Note that we use the @Named annotation to name the “mongo” implementation and that we use ProxyHelper.registerService to register the message handler on the EventBus for the CustomerService.

Modify MainVerticle

Now that we’ve added a new verticle, we have to deploy it in MainVerticle (either before or after RestVerticle):

deployer.deployVerticles(RestVerticle.class);

deployer.deployVerticles(CustomerVerticle.class);

Deploying to Openshift

We use the same commands to deploy to Openshift:

export CUSTOMER_PRJ=vertx-guice-service

mvn clean fabric8:deploy -Popenshift -Dfabric8.namespace=$CUSTOMER_PRJ

You will see another service/route created in the $CUSTOMER_PRJ as depicted in the screenshot below:

Both Services Running
Both Services Running

If you examine the log of the newly running container of our modified app, you will see something like the following:

Startup Messages
Startup Messages

Note the 3 “Calling provideXXX…” messages which show the order of instantiation of dependencies by Guice.

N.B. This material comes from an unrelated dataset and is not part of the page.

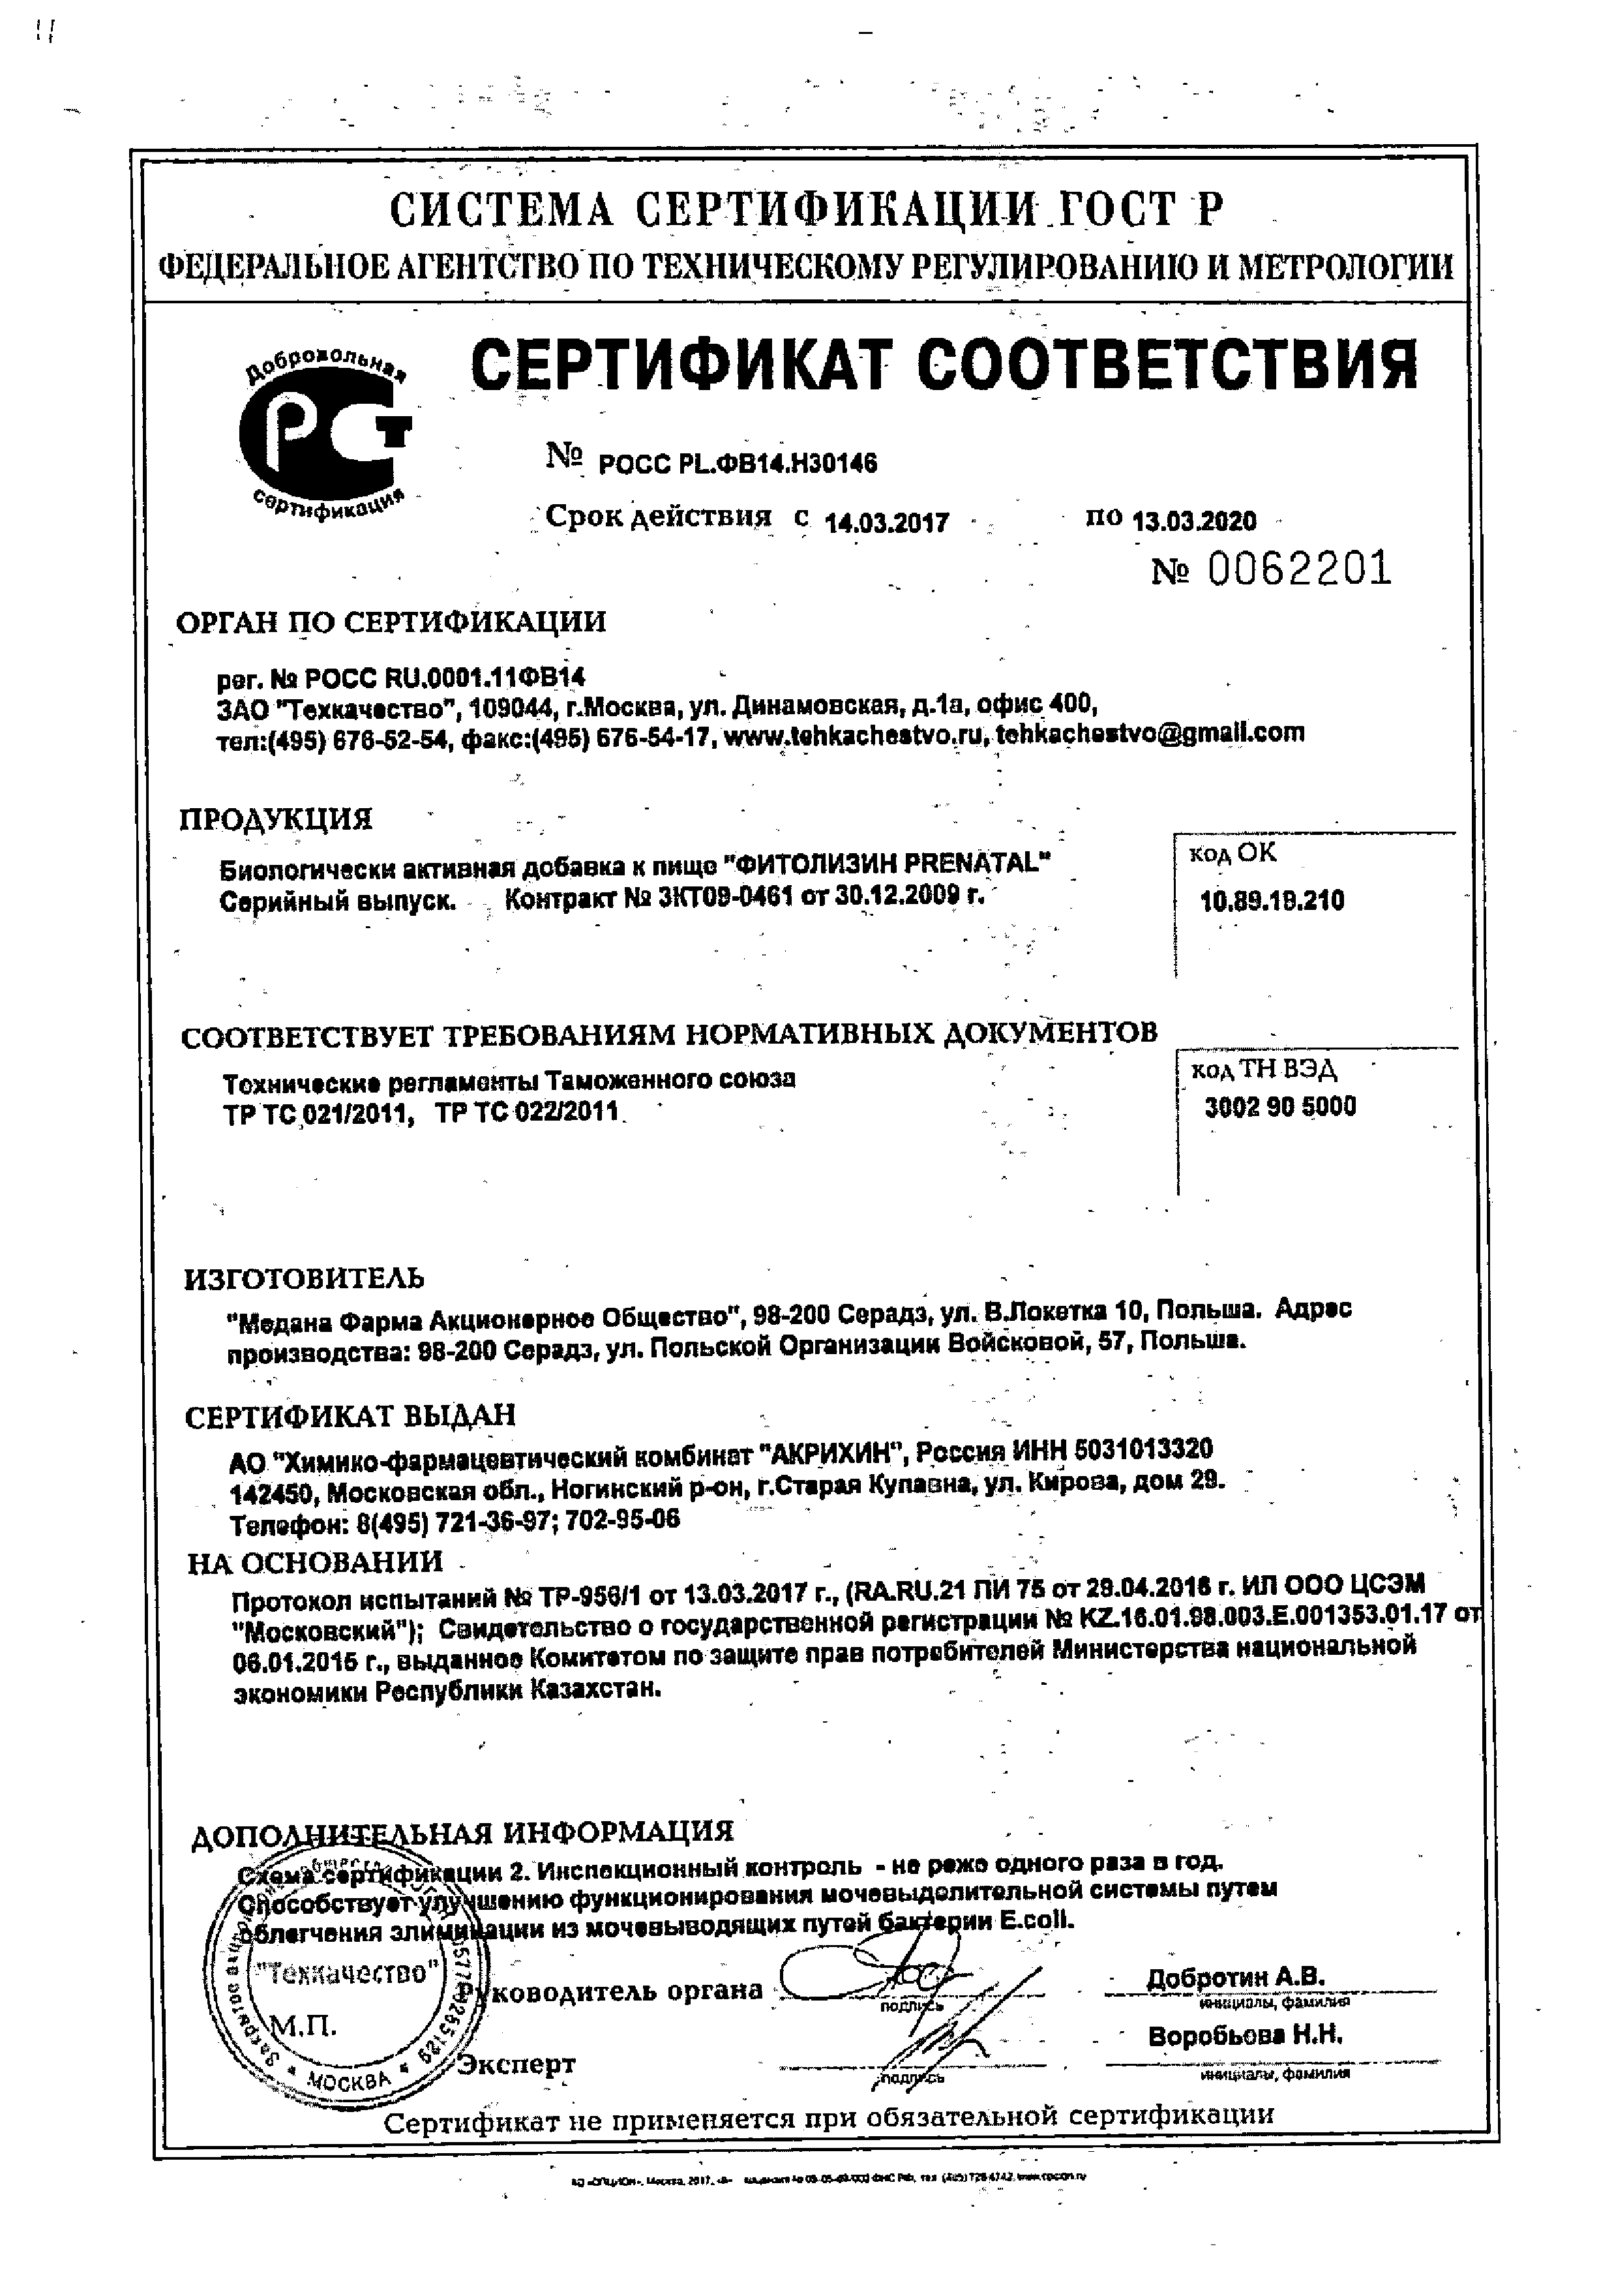 Фитолизин Пренатал сертификат

Interacting with the Deployed App

The interaction with the app is captured in the screenshot below:

Service Interaction
Service Interaction

Comparing Vert.x to FIS for building Microservices

I am not going to benchmark the FIS and Vert.x implementations. There are lots of benchmark results comparing Spring Boot and Vert.x on the Internet. I am summarising my subjective observations below:

FIS Vert.x
Application Jar file size 32M 18.5M (No Service Proxy)20M (Service Proxy)
Difficulty Level Low – making use of Spring Boot magic including auto-configuration, etc. Medium – have to do everything ourselves. Once you learned how to program in vert.x, it is tedious rather than difficult. And it is certainly not as easy as Spring Boot.
Development Time Short – there is no Java code involved in this example, just the camel-context.xml and a couple of properties files. This is an exception rather than the norm though as most Camel apps usually involve coding as well. Longer – 10+ Java files for the Service Proxy version. The app does provide addition capability such as health and readiness checks for Openshift though.
Familiarity Most developers are comfortable with – implies that you can find Spring Boot developers easily Need to learn a new approach – implies that you may not be able to find good Vert.x developers easily
Threading Model Multiple threads Event-loop but can use WorkerVerticles ie, multiple threads if needed

 

Conclusions

Vert.x is not for everyone. Unless you have very specific use cases eg, building large scale, super scalable applications that don’t require complex business logic and efficient in use of resources (due to its threading model), you may want to stay with Spring Boot. The main argument for Vert.x is scalability and performance as it uses an event-loop instead of always using multiple threads. But if you have are using worker threads in your Vert.x application, then you may want to re-assess if they are nullifying the potential gains you are striving for using Vert.x. If you really want to, you can use Spring Boot with Vert.x. In my opinion, that combination may introduce impedance mismatch resulting in slower starting and fatter Vert.x applications. I say “may” because I don’t have facts or metrics to support that claim. Using Guice with Vert.x appears to make more sense if all you need is dependency injection. FIS which is Spring Boot-based, in my opinion, is the winner here as it is much easier to use than Vert.x and you can find good Spring Boot developers much easier than Vert.x developers.